Yocto Technical Team Minutes, Engineering Sync, for October 6, 2020
Yocto Technical Team Minutes, Engineering Sync, for October 6, 2020
== disclaimer ==
Best efforts are made to ensure the below is accurate and valid. However,
errors sometimes happen. If any errors or omissions are found, please feel
free to reply to this email with any corrections.
== attendees ==
Trevor Woerner, Stephen Jolly, Armin Kuster, Josef Holzmayr, Richard
Purdie, Joshua Watt, Trevor Gamblin, Steve Sakoman, Paul Barker, Saul
Wold, Stacy Gaikovaia, Rob Woolley, Randy MacLeod, Michael Halstead, Jon
Mason, Ross Burton, Jan-Simon Möller, Mark Hatle, Scott Murray, Vikram
Subramanian, Tim Orling, Denys Dmytriyenko, Bruce Ashfield, Christopher
Larson, Martin Jansa (JaMa)
== notes ==
- m3-rc2 released
- well into m4
- 3.1.3 out of QA (in review by TSC)
- ready for m4, won’t be built until pseudo cleared up
- large number of intermittent AB issues
== general ==
RP: 3.1.3 has a ptest regression in perl, but it was due to the test, not
perl. some tests need fixing for 3.1.4
SS: it was a problem with the count of the number of tests
RP: we’re a little behind schedule for m4, but we need to get pseudo under
RP: if you create files in a pseudo context (LD_PRELOAD) e.g. do_package_qa,
do_install, etc if you create a file in that context but then delete it
outside that context but then go back into pseudo and try to manipulate
the file pseudo gets confused (it assumes if it has the same inode then
it’s the same file)
RP: one solution is to add path filtering so that pseudo will ignore certain
files in certain paths (e.g. sysroot native). the more paths we filter
out from the pseudo database the less likely we’ll trip over inode
issues. pseudo needs to be unloaded when qemu is run (since they don’t
get along). we generally don’t want the files that end up in the deploy
folder to be under pseudo, but the tasks that do that (put files in the
deploy folder) need to run under pseudo. there’s also the issue of hard
linking: sometimes there’s a file under pseudo’s control but then a
hard link is made to it so now pseudo needs to know that this other path
is the same file as this other thing it knows about.

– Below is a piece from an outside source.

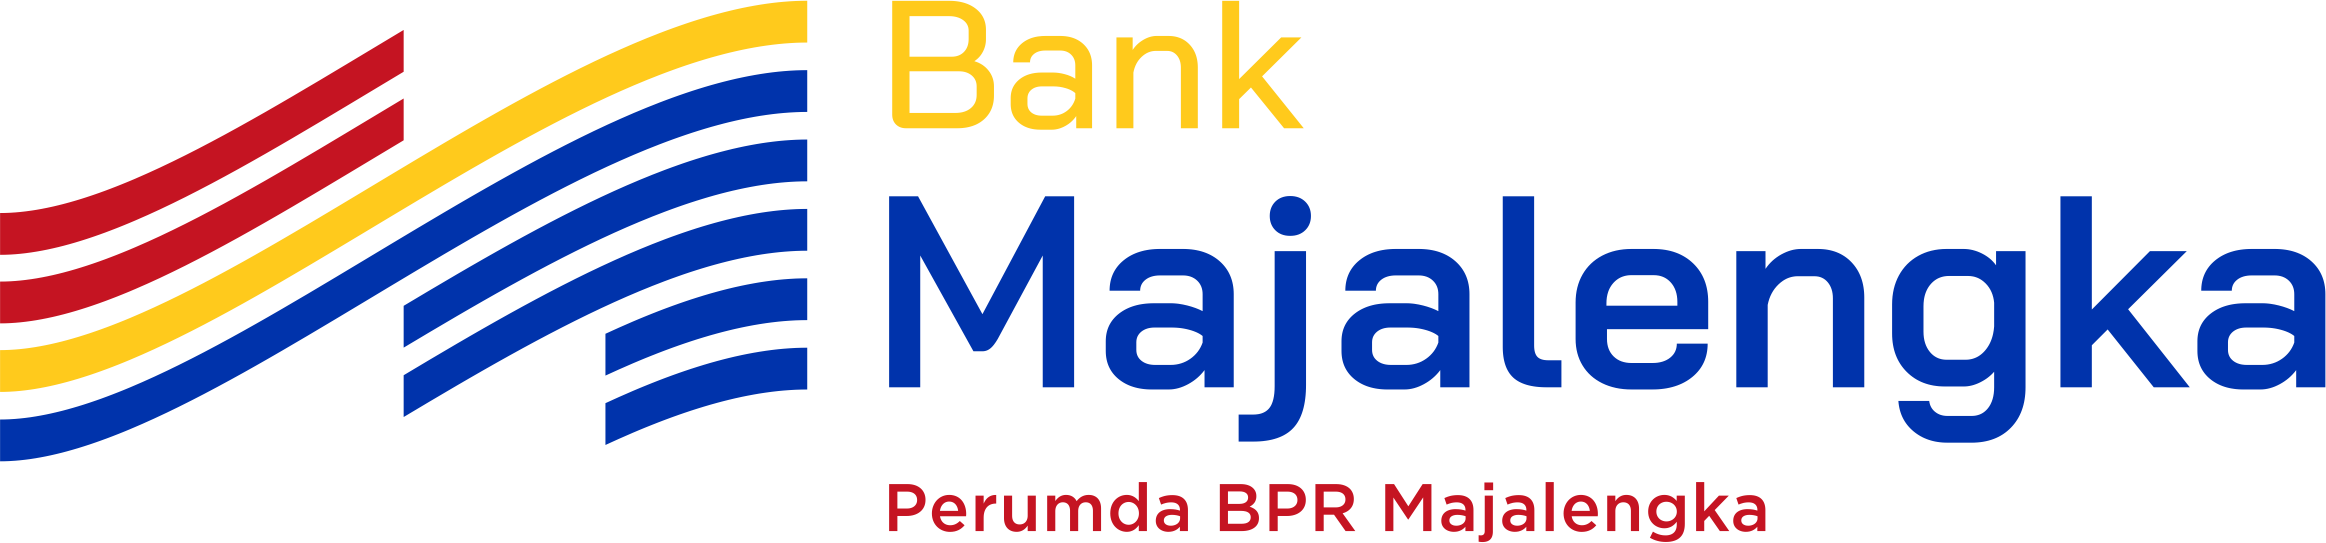 logo-bank-majalengka.png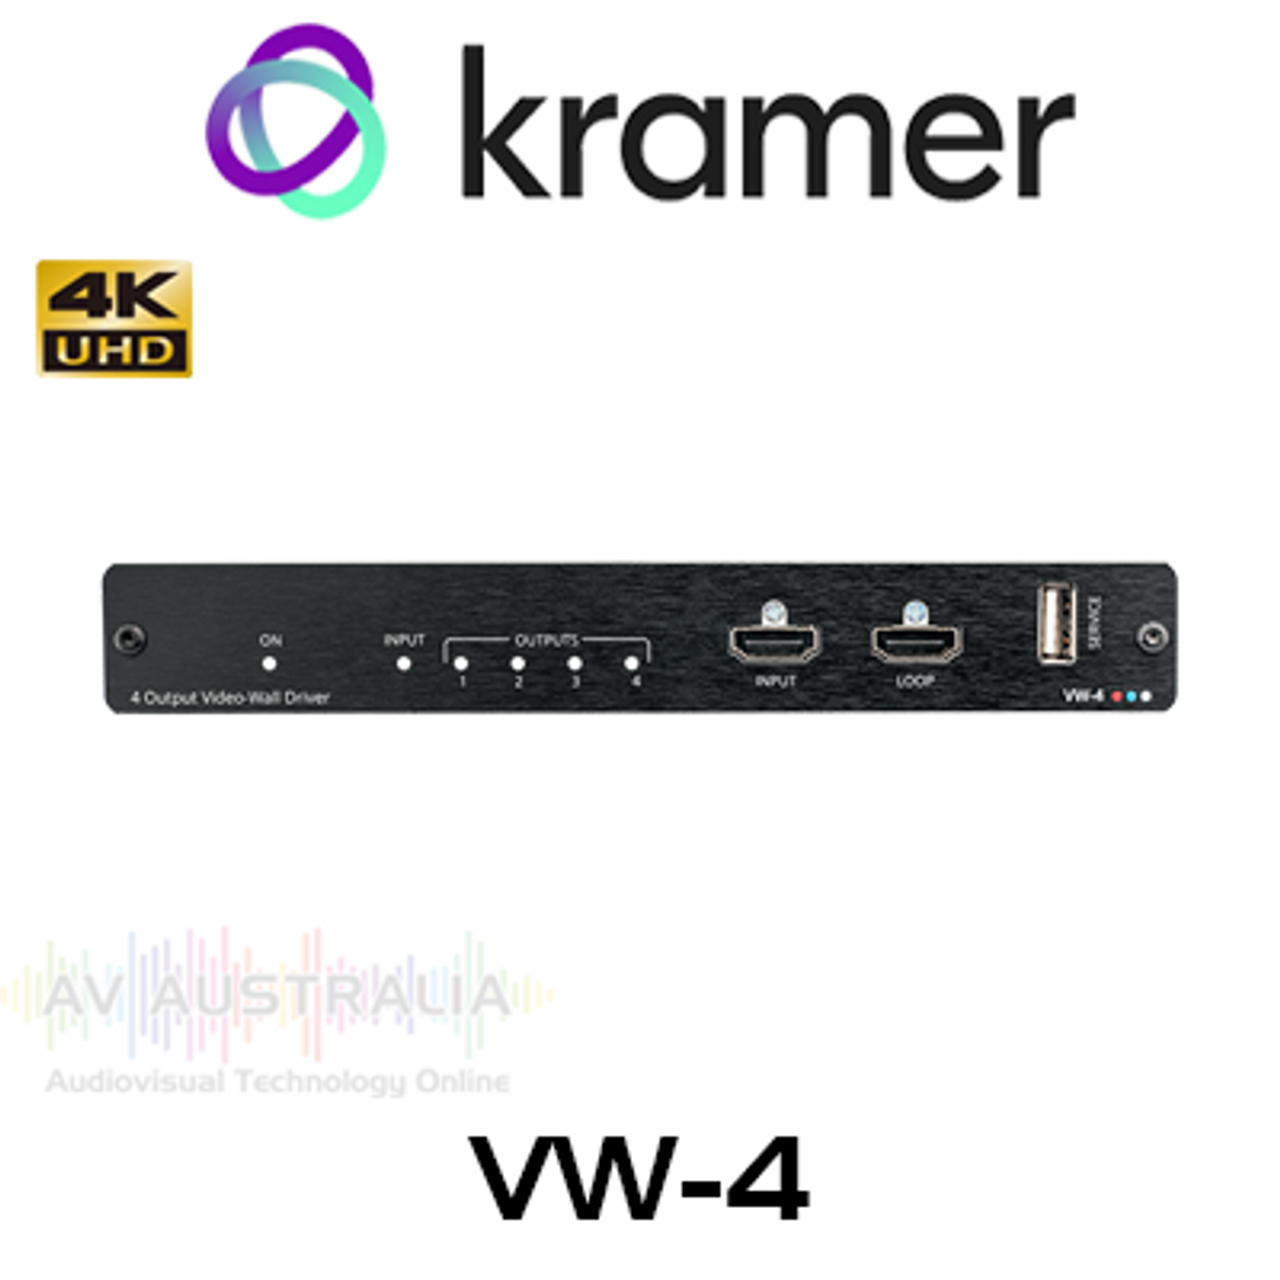 Kramer VW-4 1x4 HDMI Video Wall Processor

RP: right now we’ve added code so that pseudo aborts should it find an
inconsistency. so before releasing:
- do we add path filtering: i think yes
- do we have pseudo abort if it finds inconsistencies: ??
MarkH: could we do an insane_skip?
RP: just to be clear, the abort doesn’t happen consistently in all cases,
they hit randomly. i added code to do a sanity check on the db and it
found stuff, but it’s not practical to run sanity tests during a live
build. a human can look at the issues and know “this is sane, this one
isn’t” but coding it isn’t easy
MarkH: we should have clear documentation, because layers are going to hit it
RP: i was hoping these fixes would improve the builds (time, space) but it
only seems to affect space
Josef: is this a new issue?
RP: problem has been there for years. i can point to bugs 3-4 years ago that
had weird permission changes that couldn’t be explained. now i can see
this behaviour was the cause. it’s probably been in the pseudo code from
the start. why are we seeing it now? because the AB is so extremely busy
and i was lucky to catch it once that made it easy to track down. also
recipe-specific sysroots exacerbates the issue, making it potentially
occur more often now.
Josef: then we should focus on fixing
RP: agreed. and we need to think of LTS too
Josef: any idea on how bad the issue is? is it 1 in 100? 1/1000? 1/10000???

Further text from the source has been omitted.